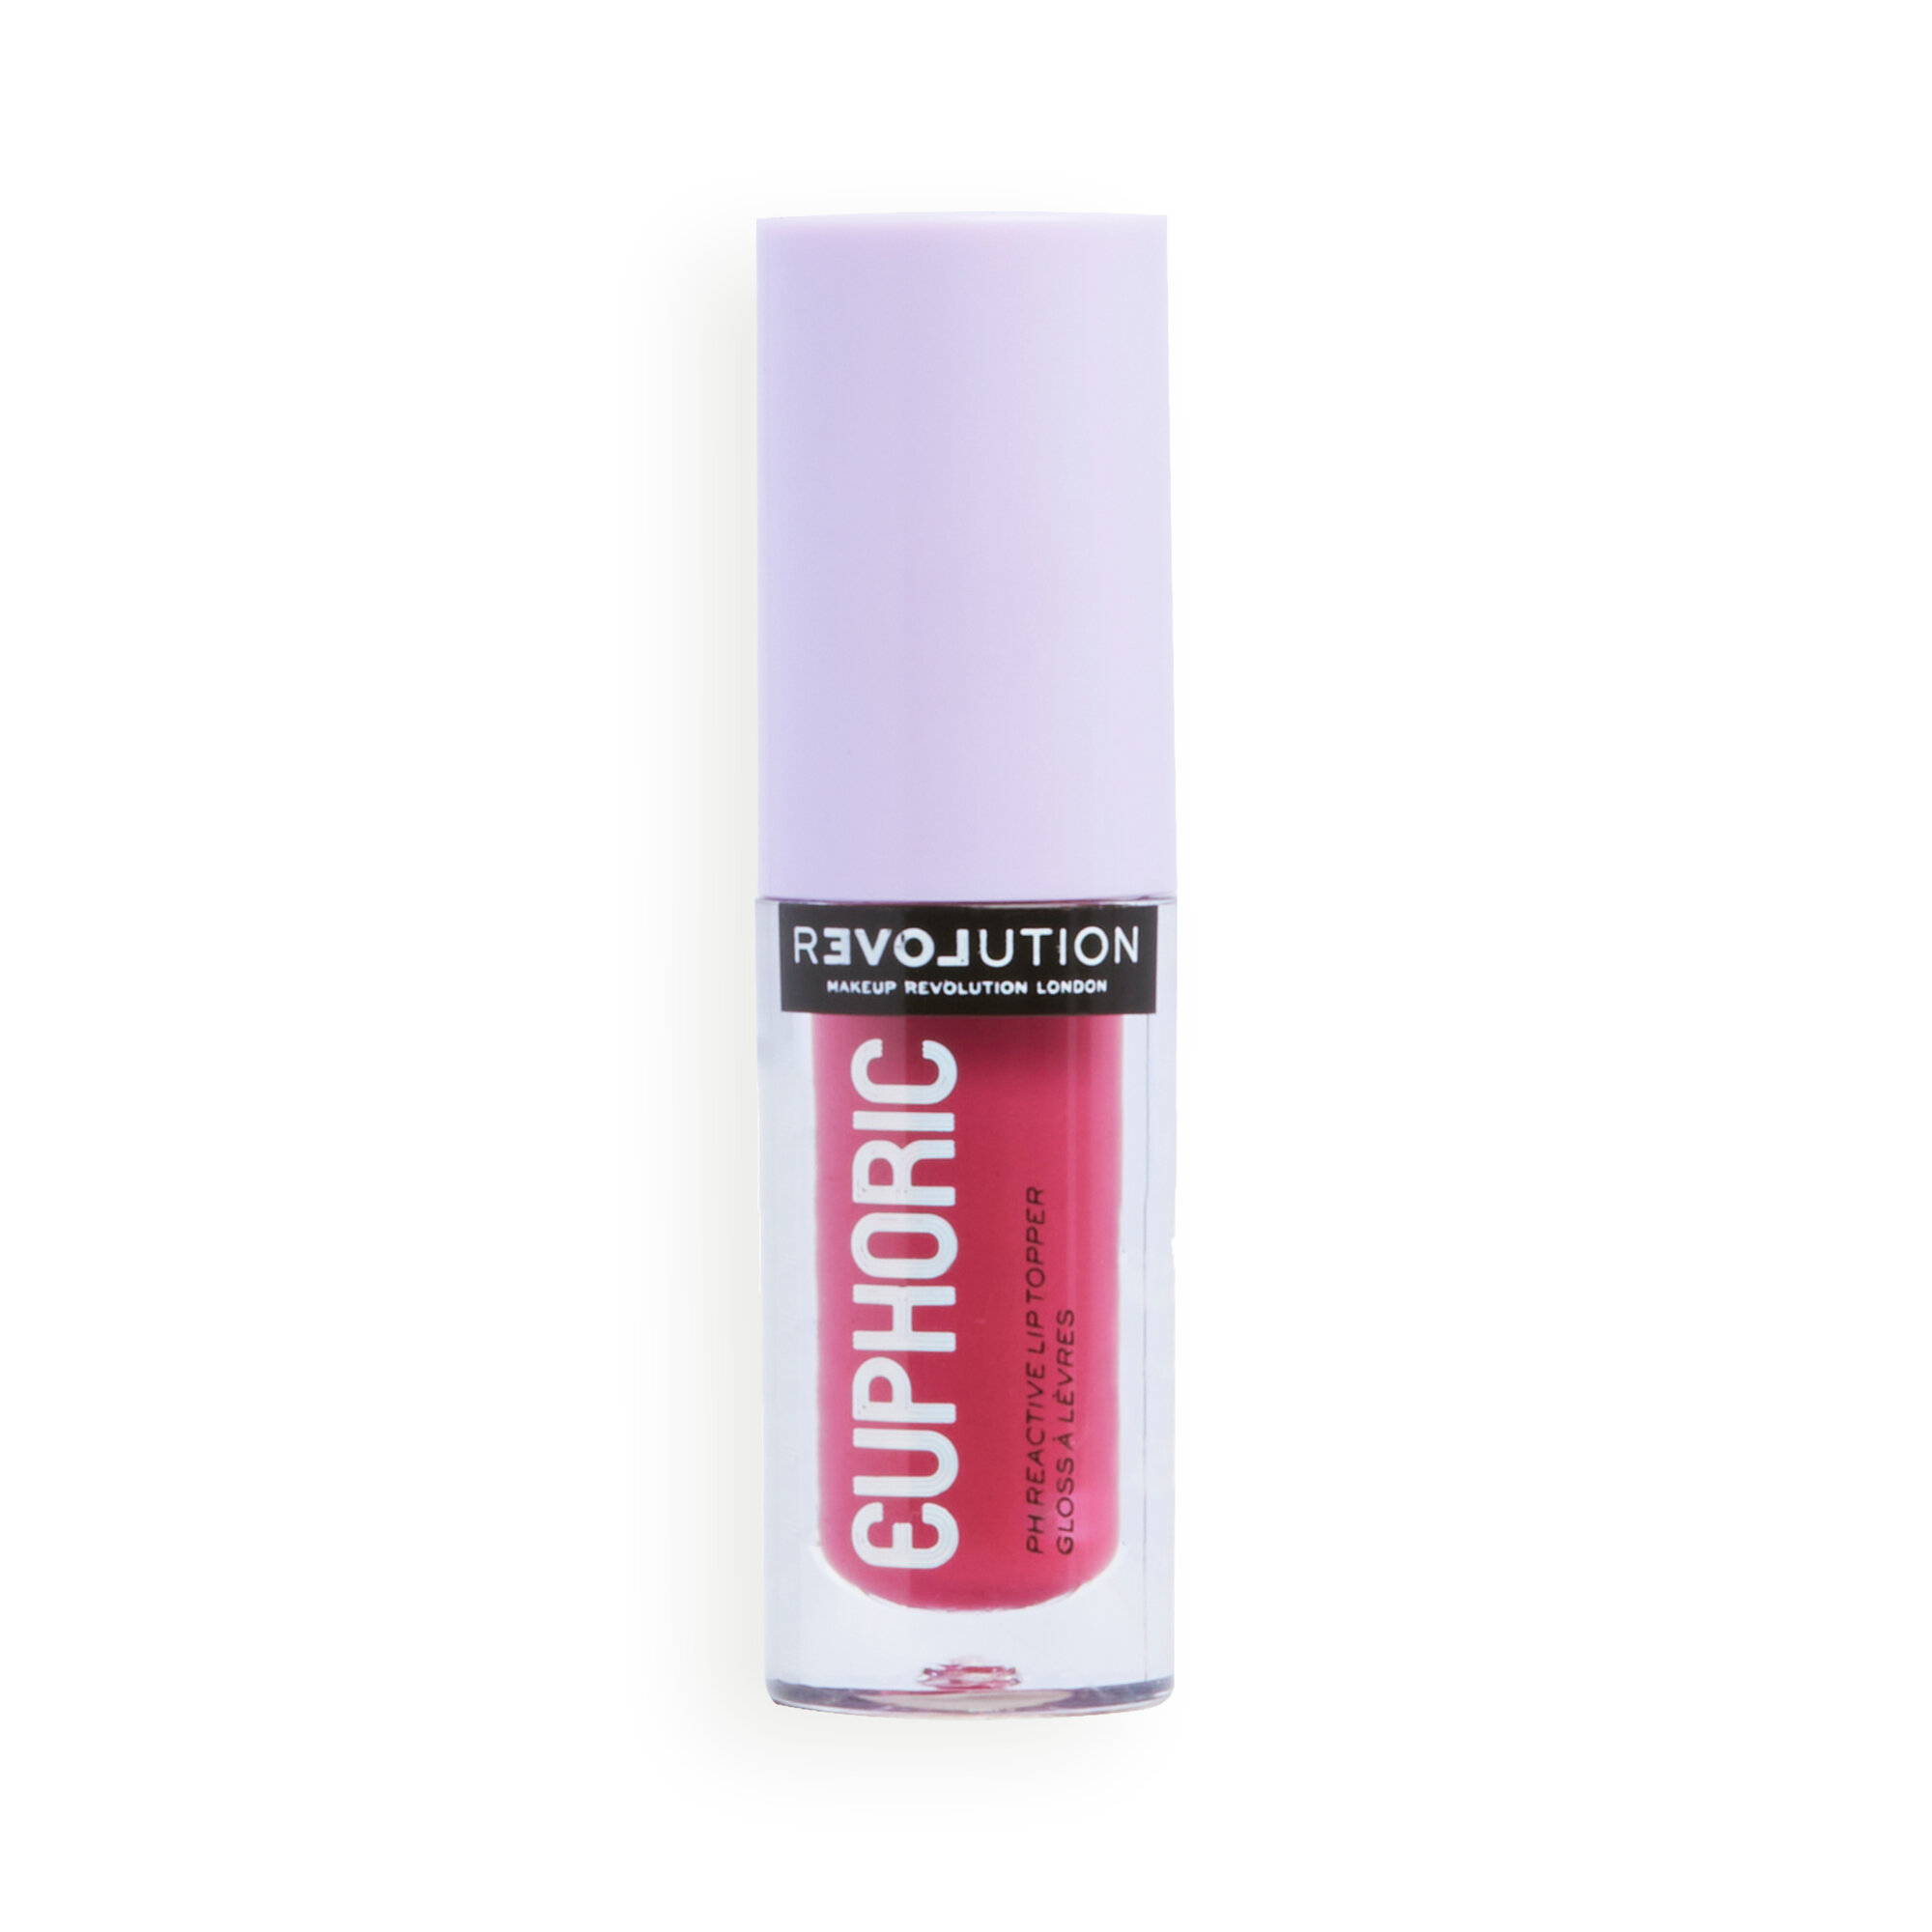 Relove by Revolution Euphoric Lip Switch Gloss
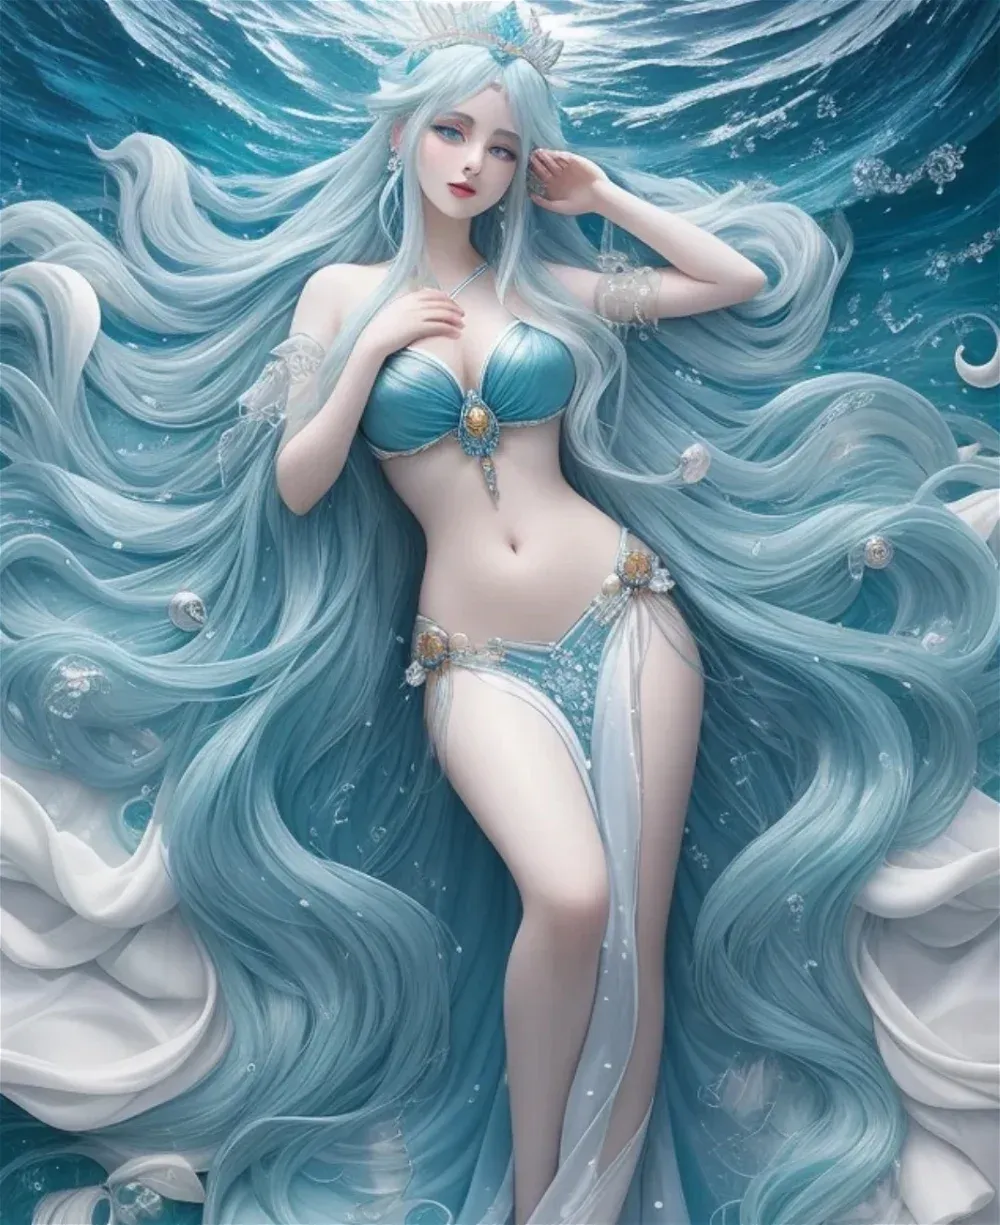 Avatar of Aquaria - Goddess of The Sea
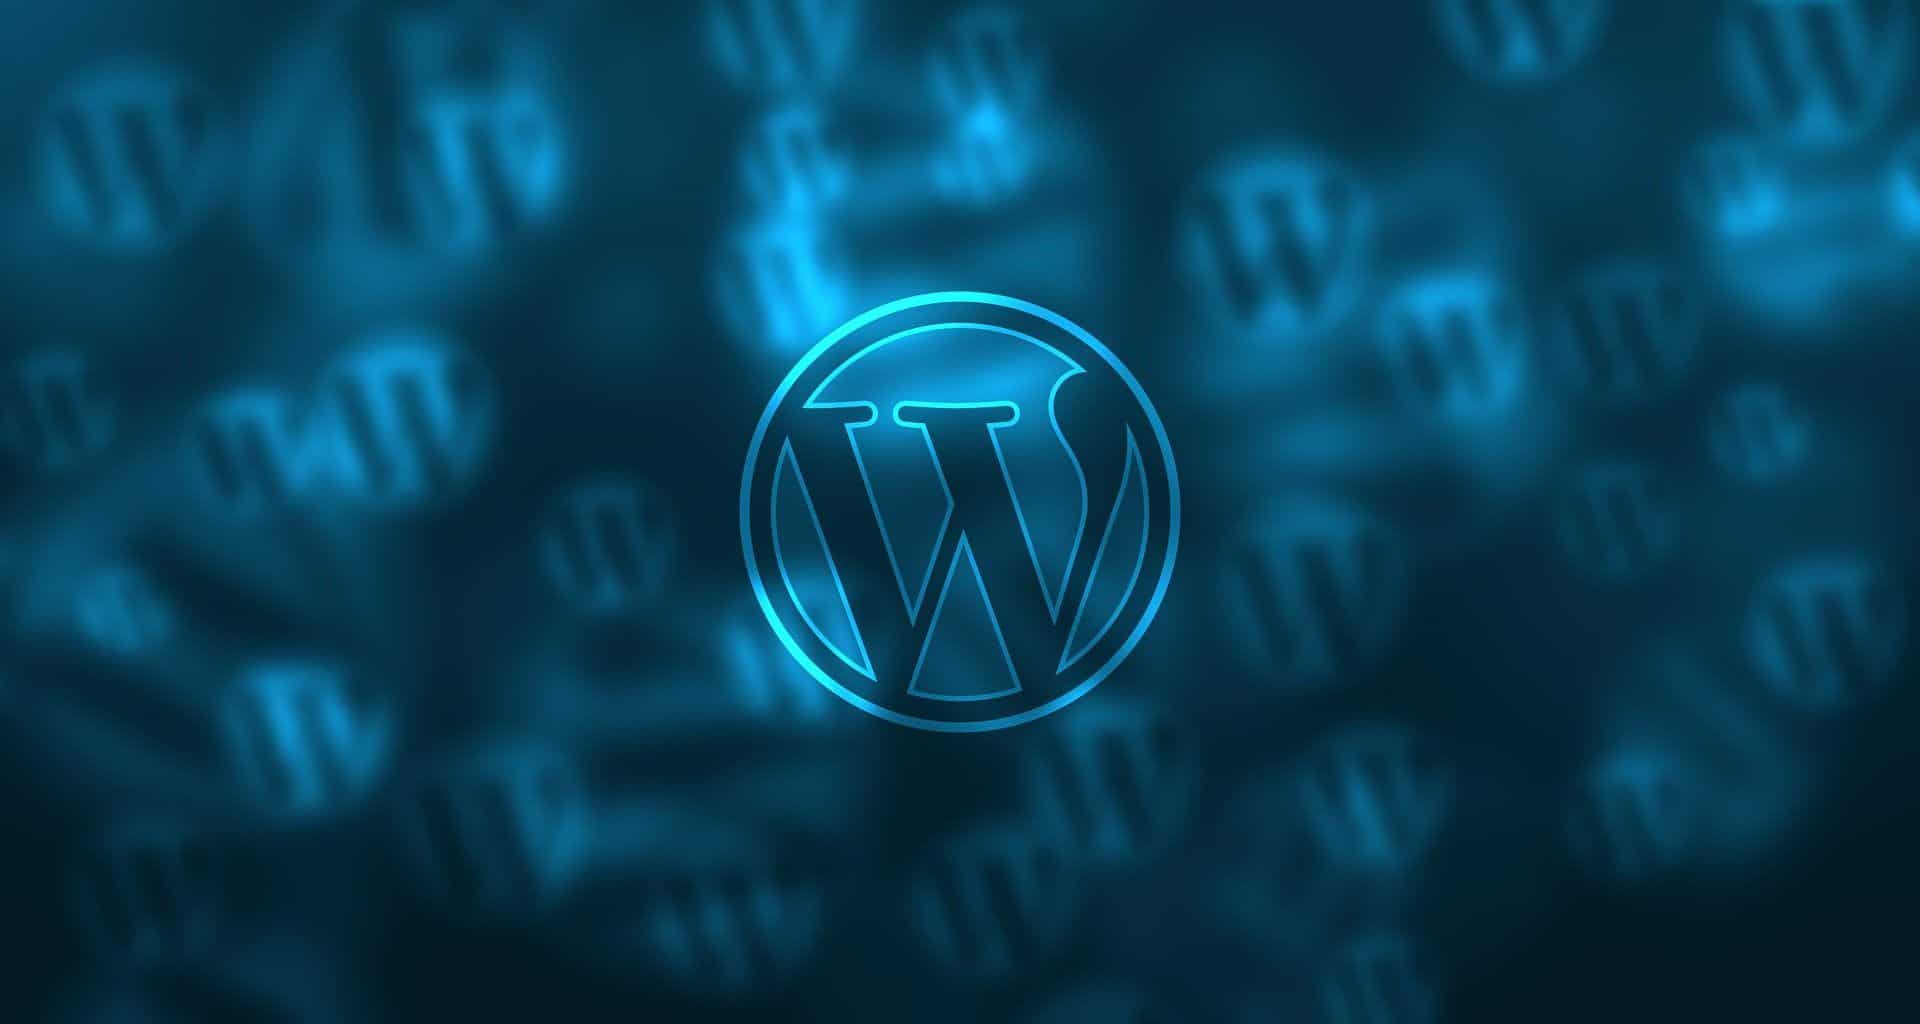 Build Funnels and Websites in WordPress
========
*What this task involves:*
Restate, word for word, all of the material above, leaving out the images.

*Response to the task:*
 Relove by Revolution Euphoric Lip Switch Gloss
 Avatar of Aquaria - Goddess of The Sea
 Build Funnels and Websites in WordPress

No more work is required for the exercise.